The wikipedia gives a very basic introduction to LLOD
that may serve as a first introduction.
Linguistic Linked Open Data (LLOD) cloud diagram
Even though somewhat dated, Hitzler et al.'s introduction to the Semantic Web is still highly readable in both its English and German version, and it comes with considerable supplemental material. When interested in practical applications of Linked Open Data in NLP, linguistics or philology, I recommend reading chapters 1, 2, 7, optionally chap. 4 (German edition: chapters 1, 3, 7, optionally chap. 5).
- Linked Data has been introduced by Tim Berners-Lee as a design issue for the (Semantic) Web in 2006, and subsequently coupled with the notion of Open Data.
Linguistic Linked Open Data (LLOD) refers to the application of Linked Open Data principles to language resources
- To facilitate publishing LLOD data, the LIDER project created a number of reference cards, including
Converting dictionaries and other lexical resources: OntoLex/lemon
The primary format to represent machine-readable dictionaries in RDF and potentially as Linked Data is the Lexicon Model for Ontologies (lemon)
developed by the W3C OntoLex Community Group.
- Lexicon Model for Ontologies (W3C OntoLex Community Report, 10 May 2016)
- Guidelines for Linguistic Linked Data Generation (W3C BP-MLOD Community Group Reports, 29 September 2015)
- Use case: Converting an etymological dictionary from XML
Frank Abromeit, Christian Chiarcos, Christian Fäth, Maxim Ionov (2016), Linking the Tower of Babel: Modelling a Massive Set of Etymological Dictionaries as RDF, presented at the 5th Workshop on Linked Data in Linguistics (LDL-2016): Managing, Building and Using Linked Language Resources, Portorož, Slovenia, 24th May 2016. Co-located with LREC 2016.
Corpora and linguistic annotations: OLiA+NIF/OA/POWLA
Tutorial on Annotation Interoperability with Linked Open Data and the Ontologies of Linguistic Annotation (Christian Chiarcos, EUROLAN-2015 summer school, Sibiu, Romania)

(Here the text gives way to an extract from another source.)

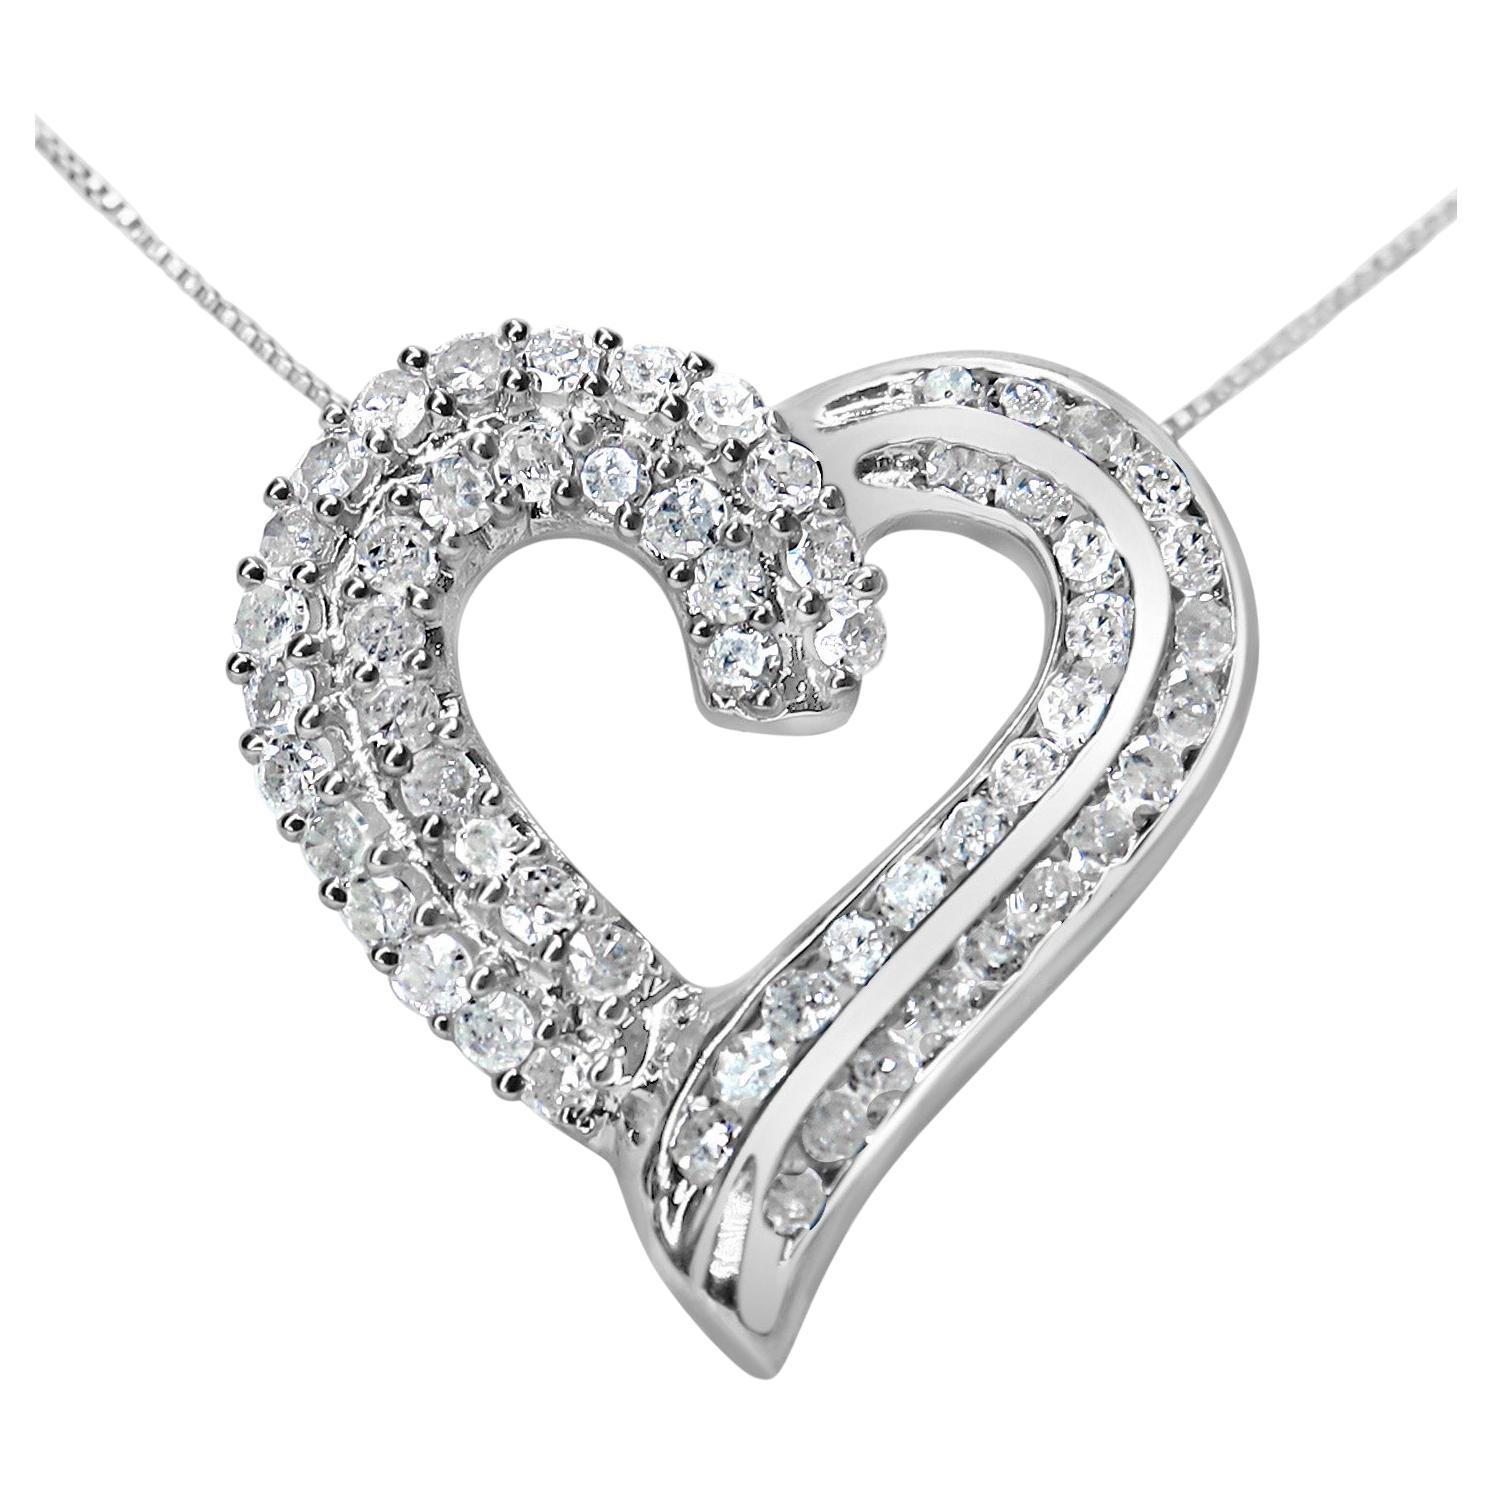 925 Sterlingsilber 1,0 Karat Diamant-Halskette mit durchbrochenem Band-Herz-Anhänger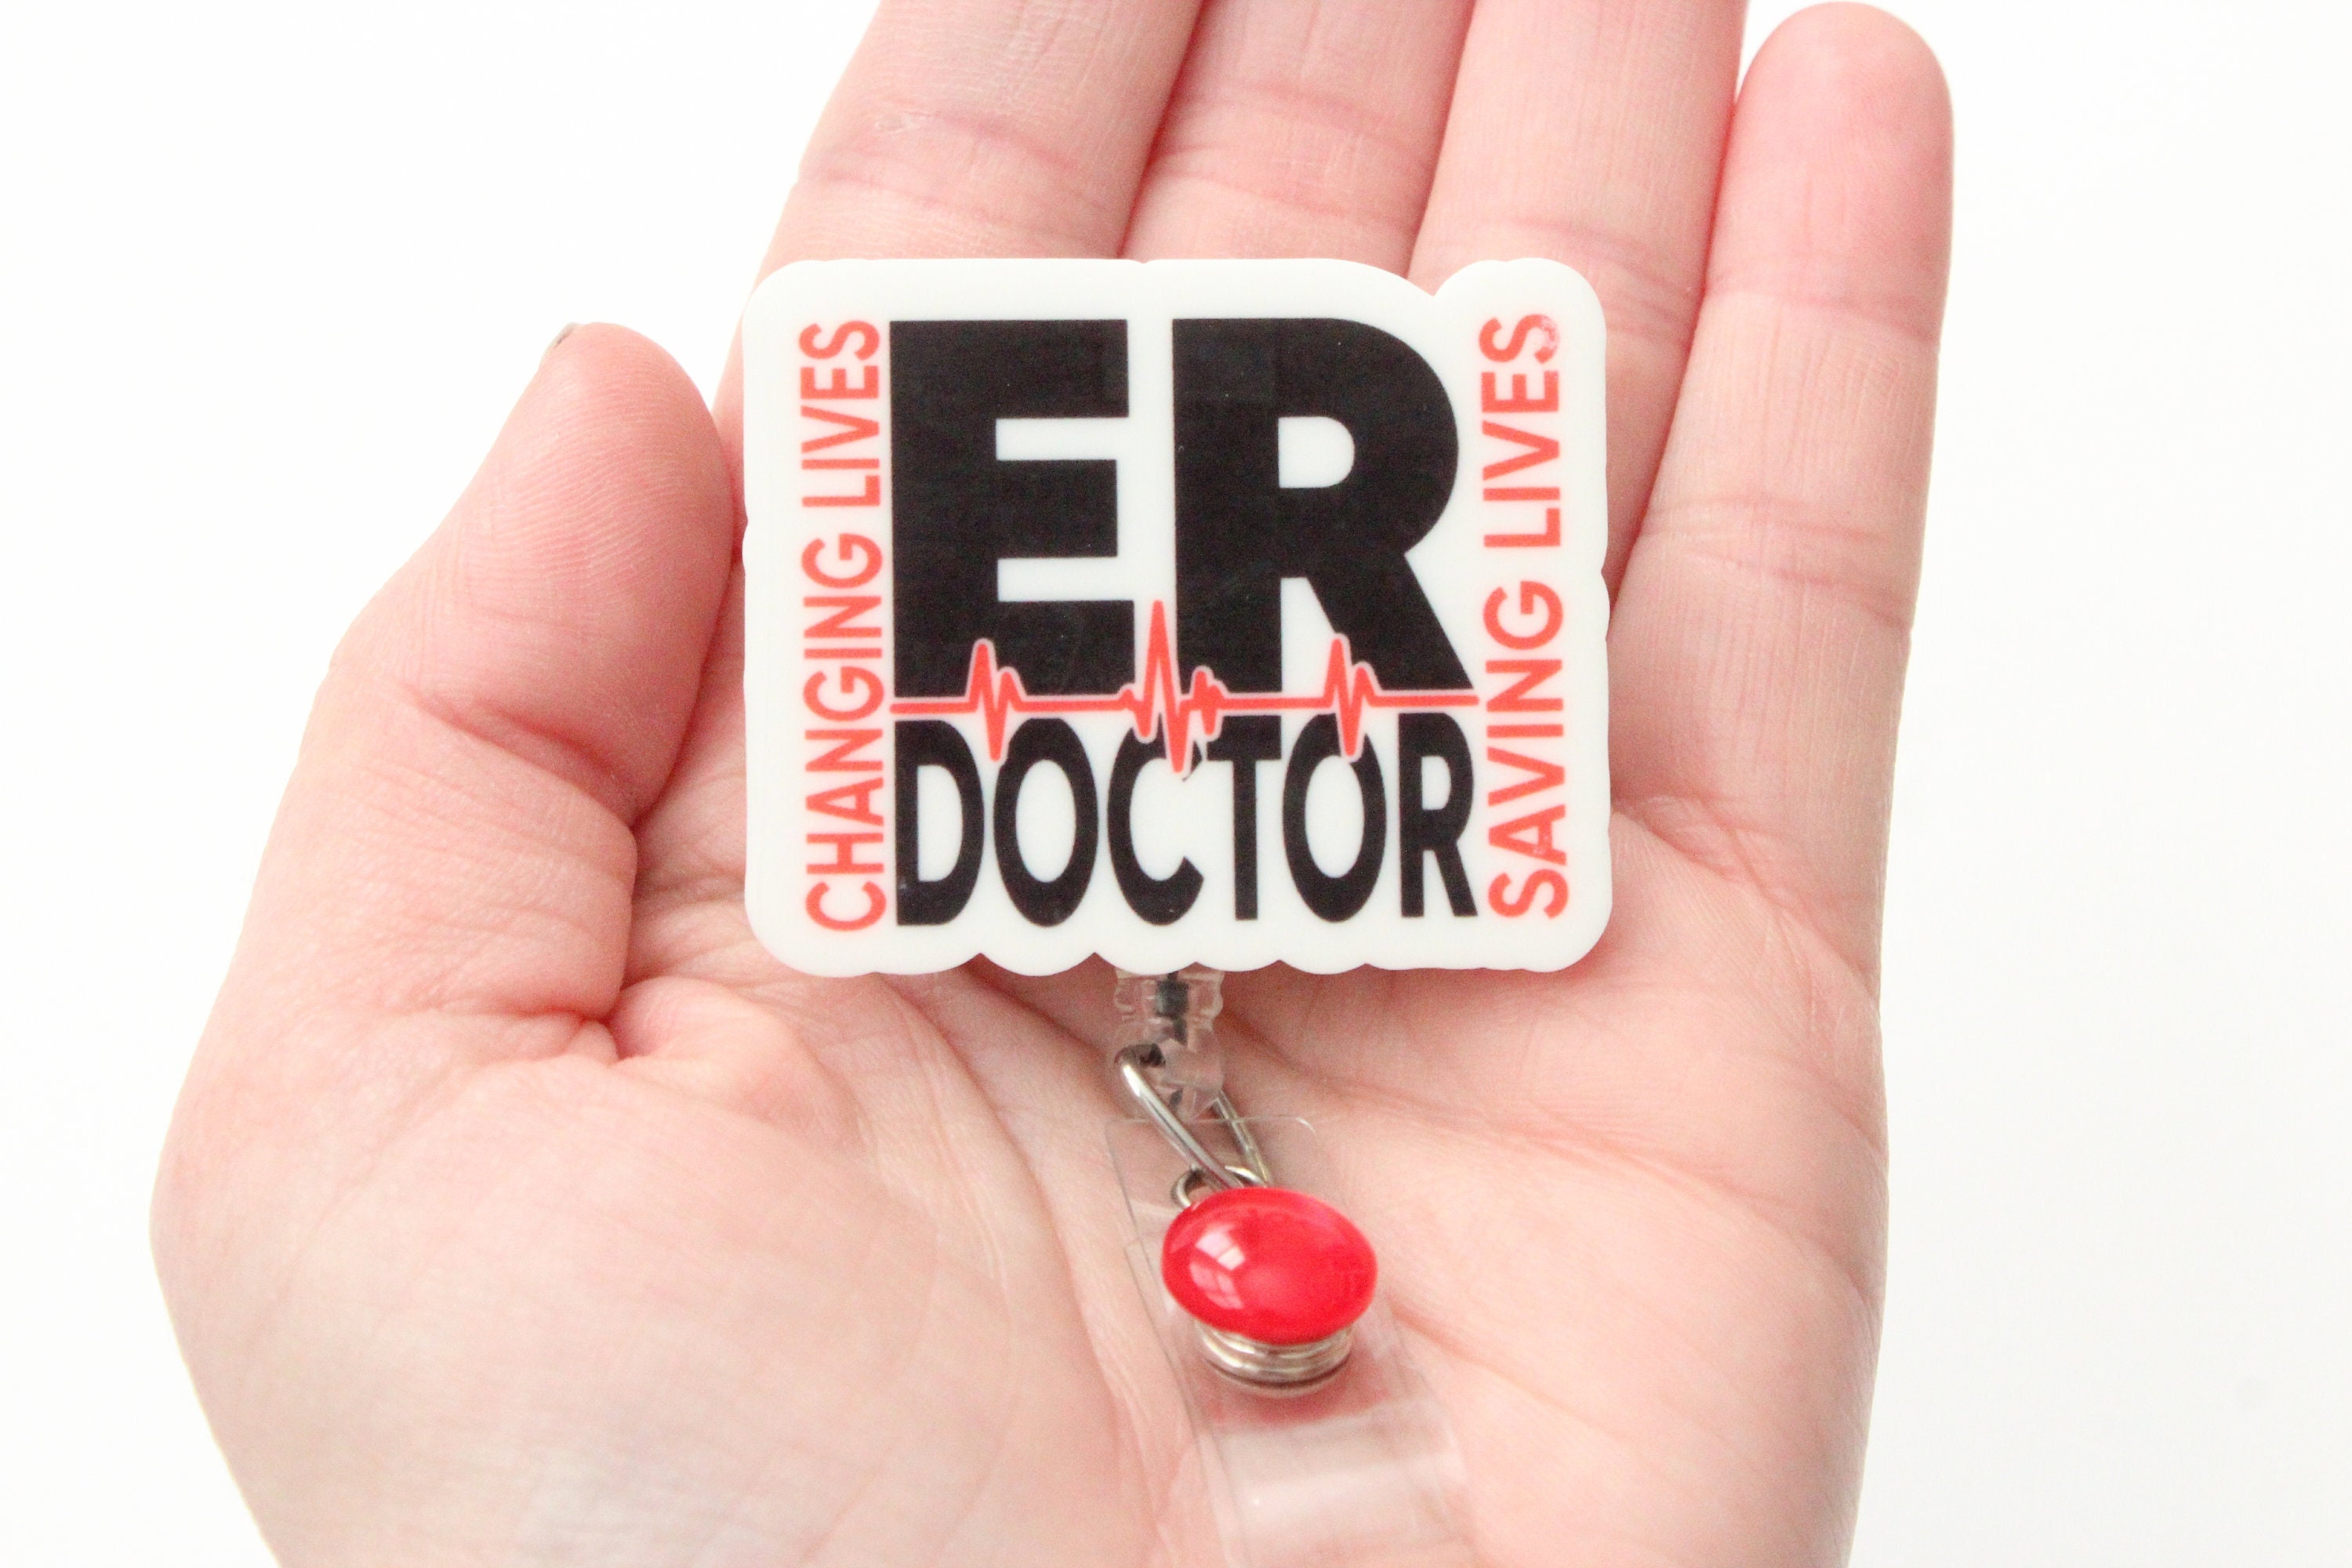 ER Doctor Badge Reel, ER Doctor, Doctor, Physician, Emergency Room Doctor Gift, Physician Gift, Badge Reel

The representation of linguistic corpora in RDF is an area of active research. At the moment, we see a multitude of competing formats focusing on different types of applications, e.g.,
- The NLP Interchange Format (NIF).
Originally designed for NLP pipelines, NIF is well-suited for corpora with "simple" word-level, phrase-level and sentence-level annotations. It lacks support for representing annotation layers, non-branching syntactic nodes, empty elements (traces), labeled edges, conflicting tokenizations, semantic annotation, etc. It is well-suited for word-level NLP and entity linking.
- Open Annotation (OA).
Originally developed for expressing metadata about web content, OA has been applied experimentally to represent philological corpora, resp. biomedical annotations in text. However, these experiments are currently limited to selected collaboration projects. Given the relative verbose model and the (from a linguistic point of view) counterintuitive terminology (hasTarget, hasBody), it is doubtful whether it will be accepted widely in the NLP and language resource community.
- POWLA is a full-fledged reconstruction of the ISO TC 37/SC4 LAF/GrAF model in RDF/OWL, and thus, specifically designed to facilitate corpus querying. Unlike NIF, it can thus express arbitrarily complex annotations. Unlike OA, it is terminologically transparent. Similar to OA, it suffers from a certain degree of verbosity in comparison to NIF.